In general, when a kubernets default scheduling algorithm is used for scheduling a computing task with a large resource demand deviation, a server unbalance loading phenomenon occurs in a cluster.

In the prior art, the problem of cluster state is generally solved by extending a Kubernetes scheduler, but the method still needs to be improved by not considering time factors or ignoring low-priority tasks.

Disclosure of Invention

The invention provides a distributed scheduling method and a distributed scheduling device based on prediction, which are used for optimizing the situation that a Pod is always in an abnormal state due to the cluster unbalance loading state in a cluster, and automatically adjusting the unbalance loading state of the cluster, so that the performance upper limit of the cluster is optimized.

In a first aspect, an embodiment of the present invention provides a distributed scheduling method based on prediction, which is applied to a kubernets cluster, and includes:

acquiring the historical resource utilization rate of the current scheduling Pod and the resource utilization rate of the available nodes in the cluster;

inputting the historical resource utilization rate of the current scheduling Pod into a deep learning model for training and reasoning to obtain the resource prediction utilization rate of the current scheduling Pod;

and screening the available nodes in the cluster according to the resource prediction utilization rate of the current scheduling Pod and the resource utilization rate of the available nodes in the cluster to determine the target scheduling node of the current scheduling Pod.

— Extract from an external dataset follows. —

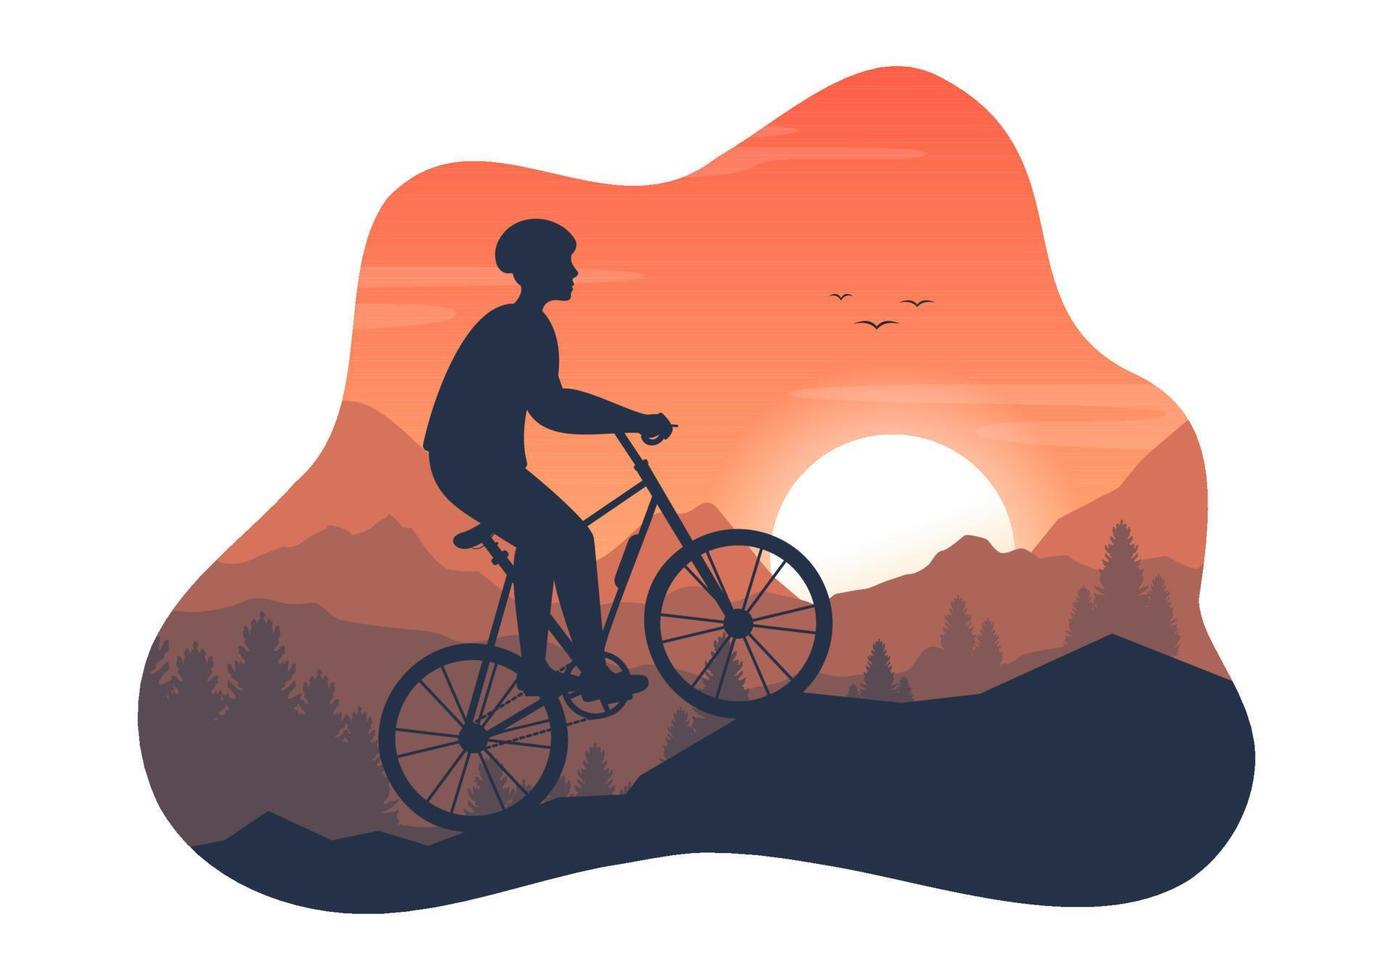 Mountainbike-Illustration mit Radfahren die Berge hinunter für Sport, Freizeit und gesunden Lebensstil in handgezeichneten Vorlagen mit flacher Cartoon-Silhouette vektor

In a second aspect, an embodiment of the present invention further provides a distributed scheduling apparatus based on prediction, configured in a kubernets cluster, including:

the acquisition module is used for acquiring the historical resource utilization rate of the current scheduling Pod and the resource utilization rate of the available nodes in the cluster;

the prediction module is used for inputting the historical resource utilization rate of the current scheduling Pod into a deep learning model for training and reasoning so as to obtain the resource prediction utilization rate of the current scheduling Pod;

and the determining module is used for screening the available nodes in the cluster according to the resource prediction utilization rate of the current scheduling Pod and the resource utilization rate of the available nodes in the cluster so as to determine the target scheduling node of the current scheduling Pod.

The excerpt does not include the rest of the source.